[DATA EXTRACT]:
*** Block opens ***
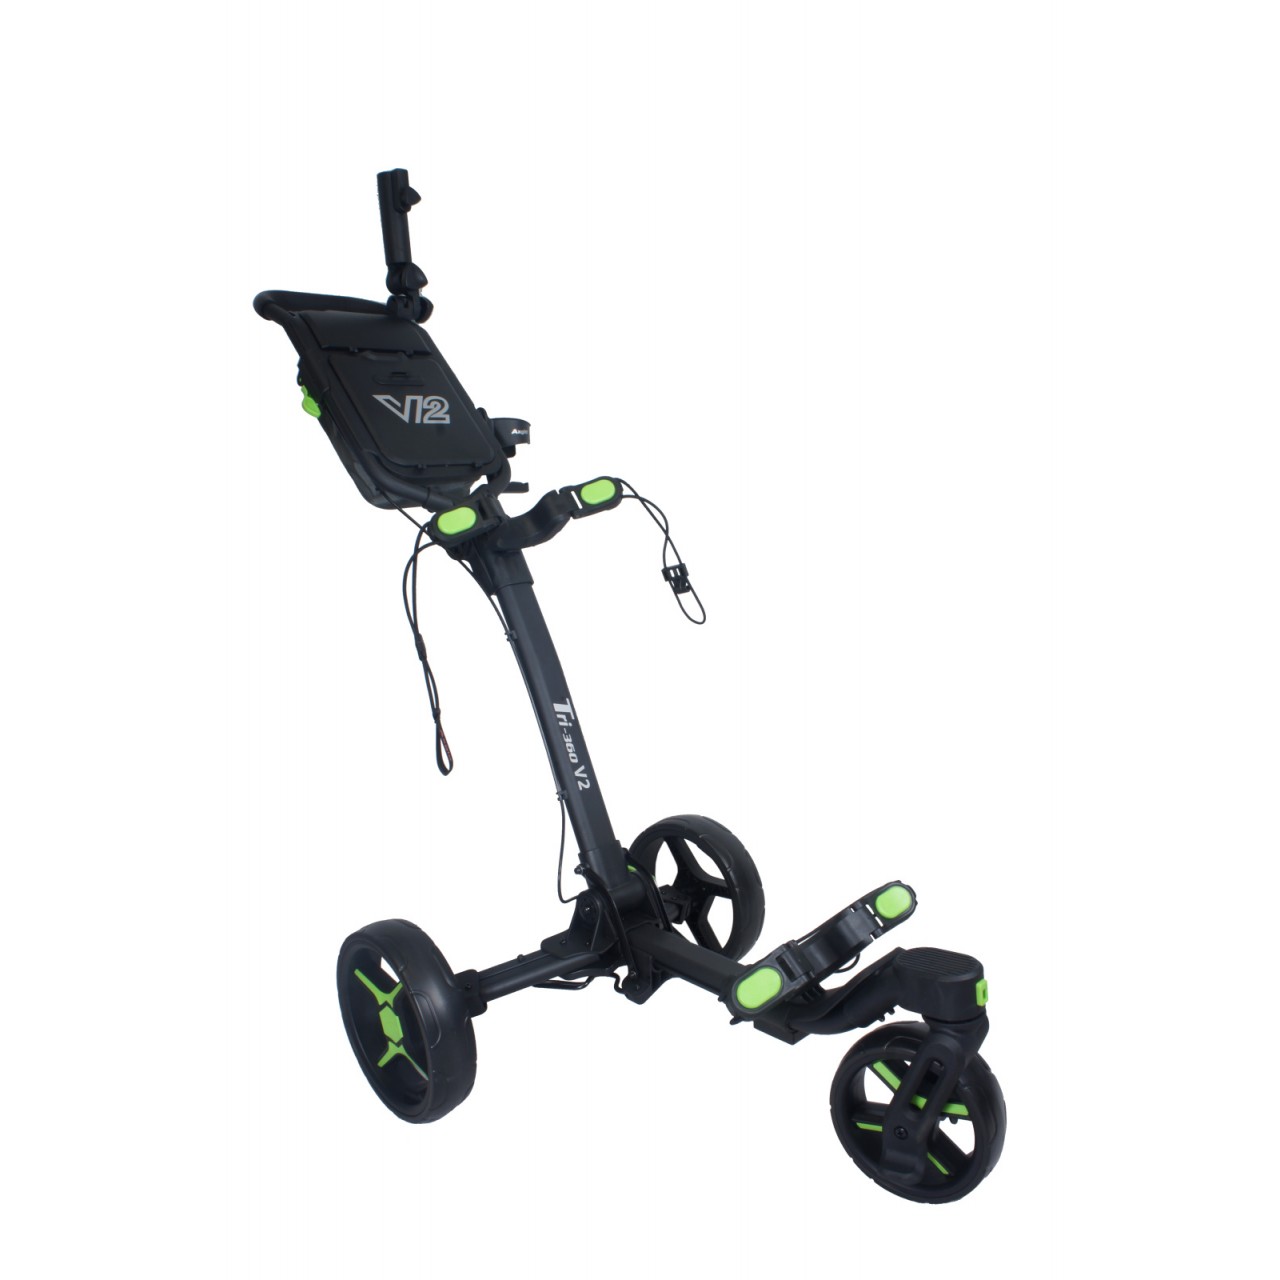 AXGLO Tri-360 V2 ruèní tøíkolový golfový vozík BLACK/GREEN + ZDARMA obal na kola - zvìtšit obrázek
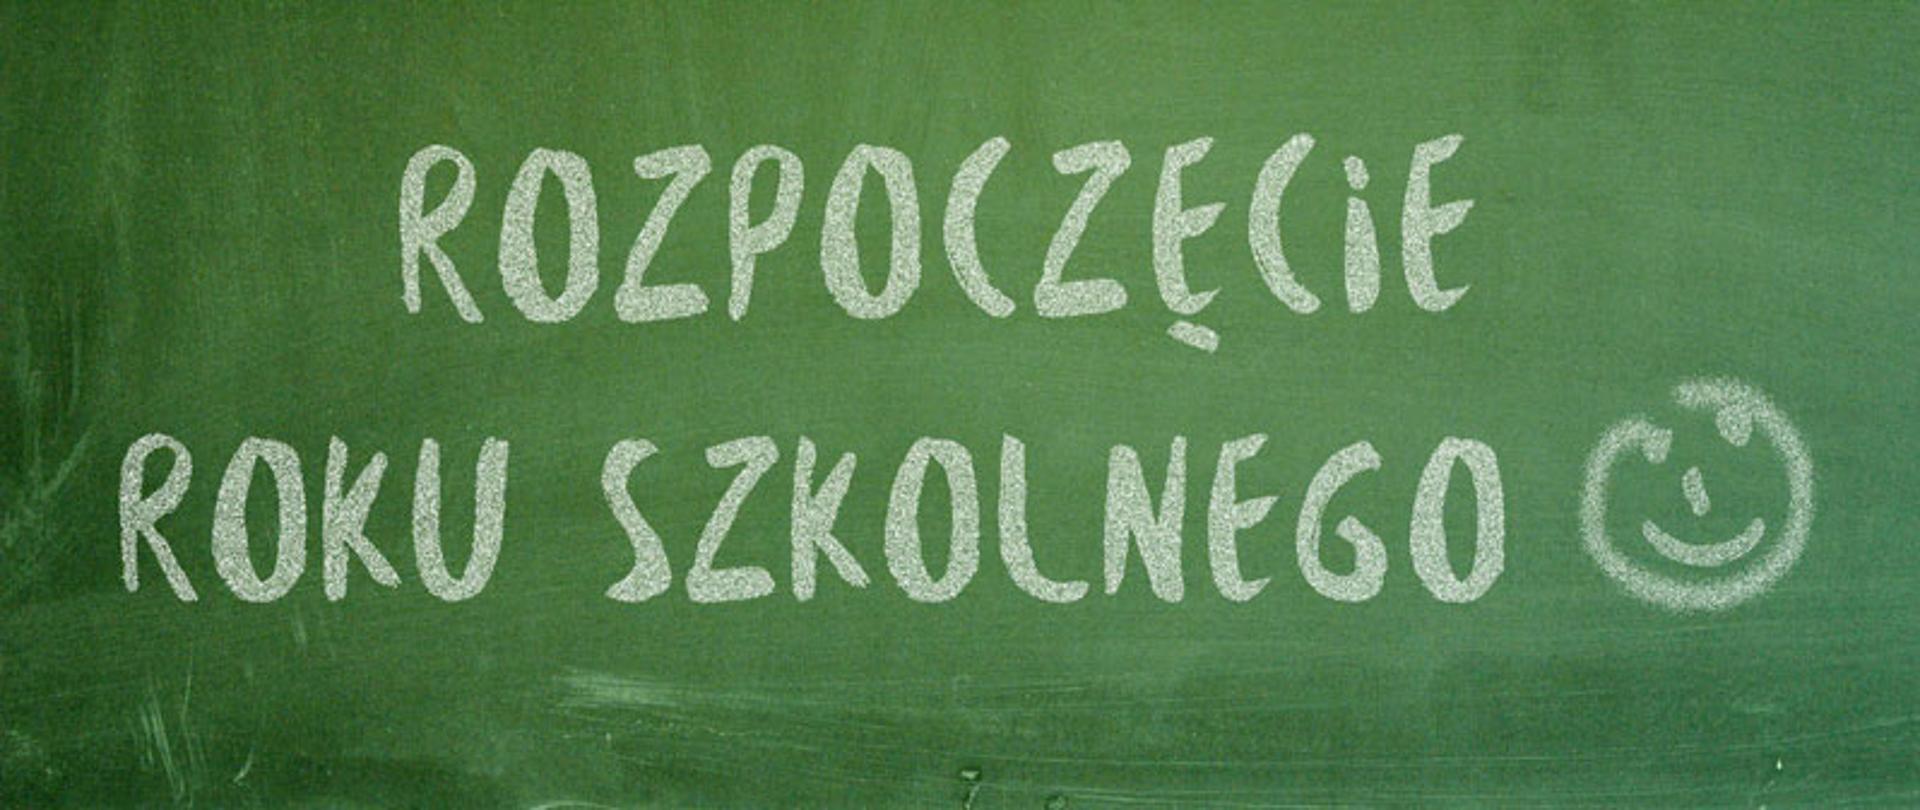 Klasyczna, zielona tablica szkolna z napisem wykonanym kredą "Rozpoczęcie roku szkolnego"
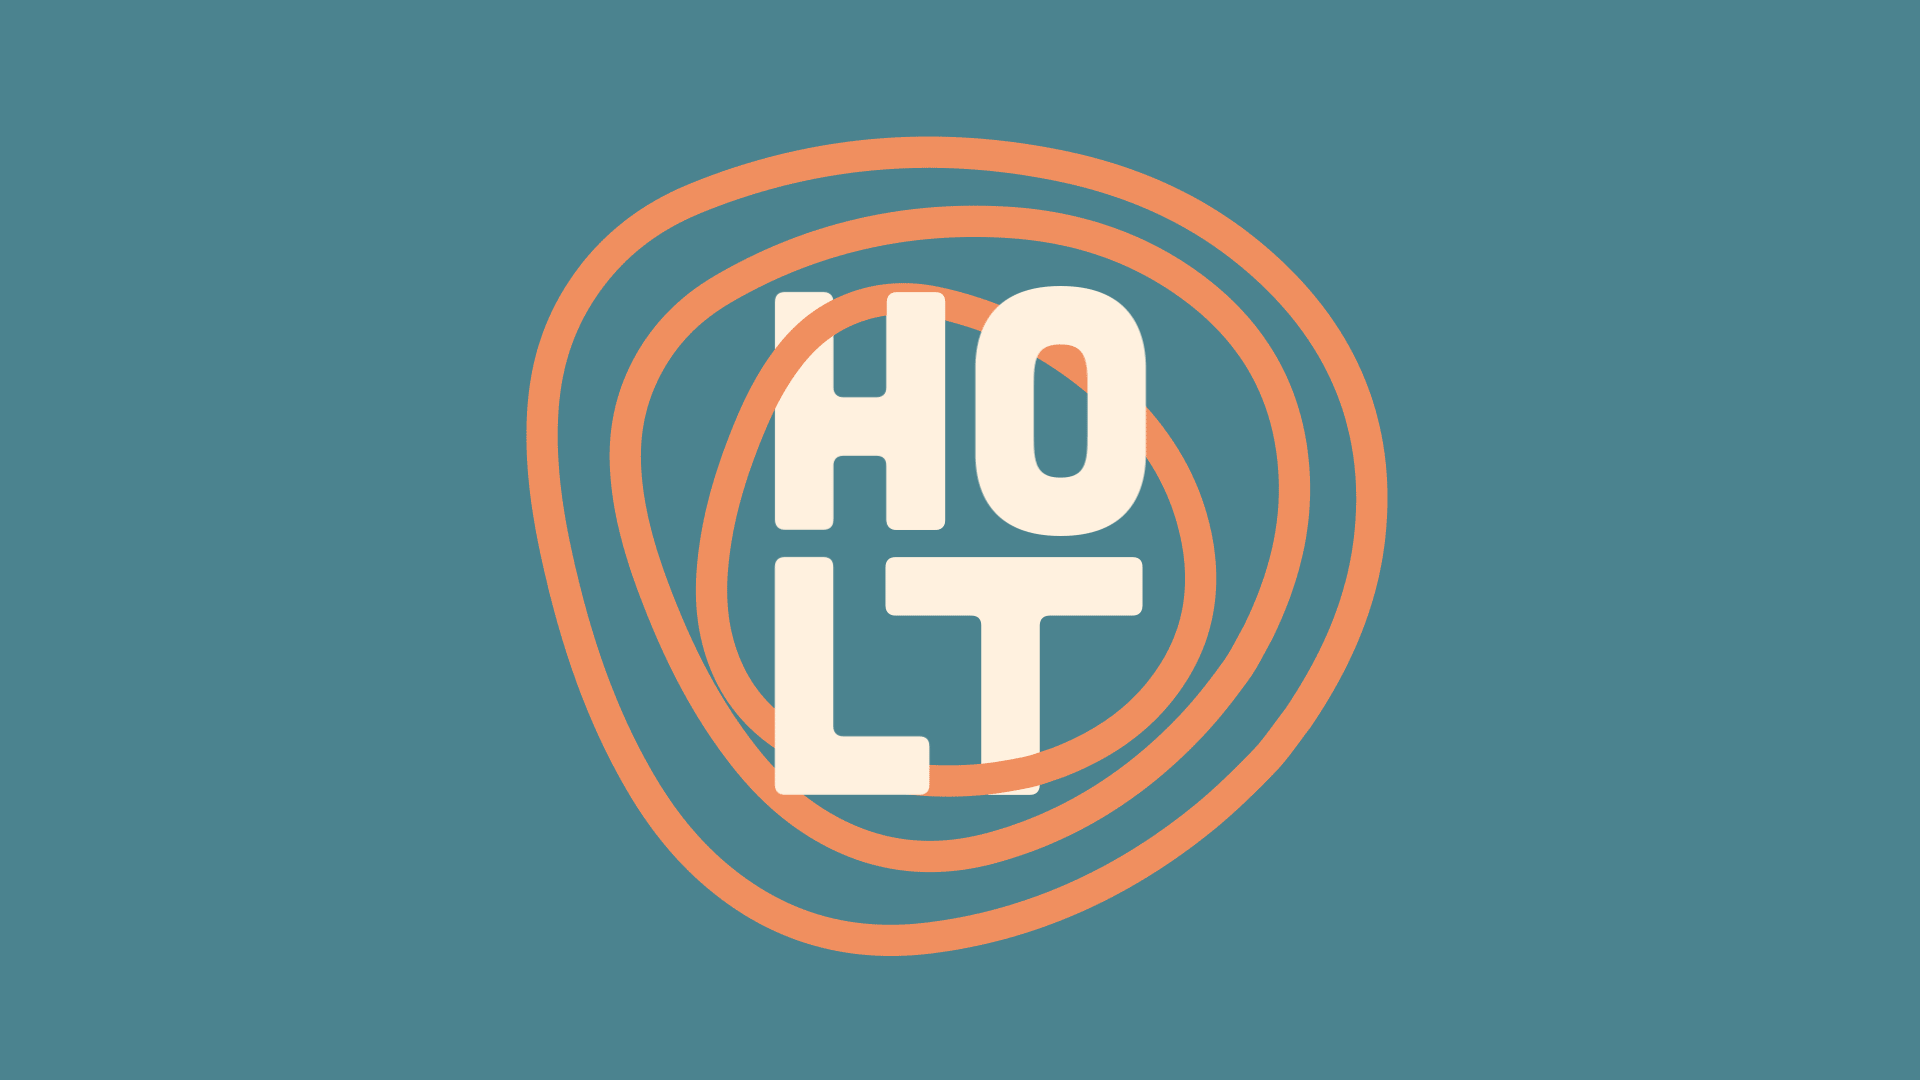 Holt - animated logo
*** Block closes ***
[TASK PROMPT]:
Every line between the one containing "Klasyczna, zielona tablica" and the end of the listing, both included, needs to be retyped exactly, minus the pictures.

[RESPONSE TO THE TASK]:
 Klasyczna, zielona tablica szkolna z napisem wykonanym kredą "Rozpoczęcie roku szkolnego"
 Holt - animated logo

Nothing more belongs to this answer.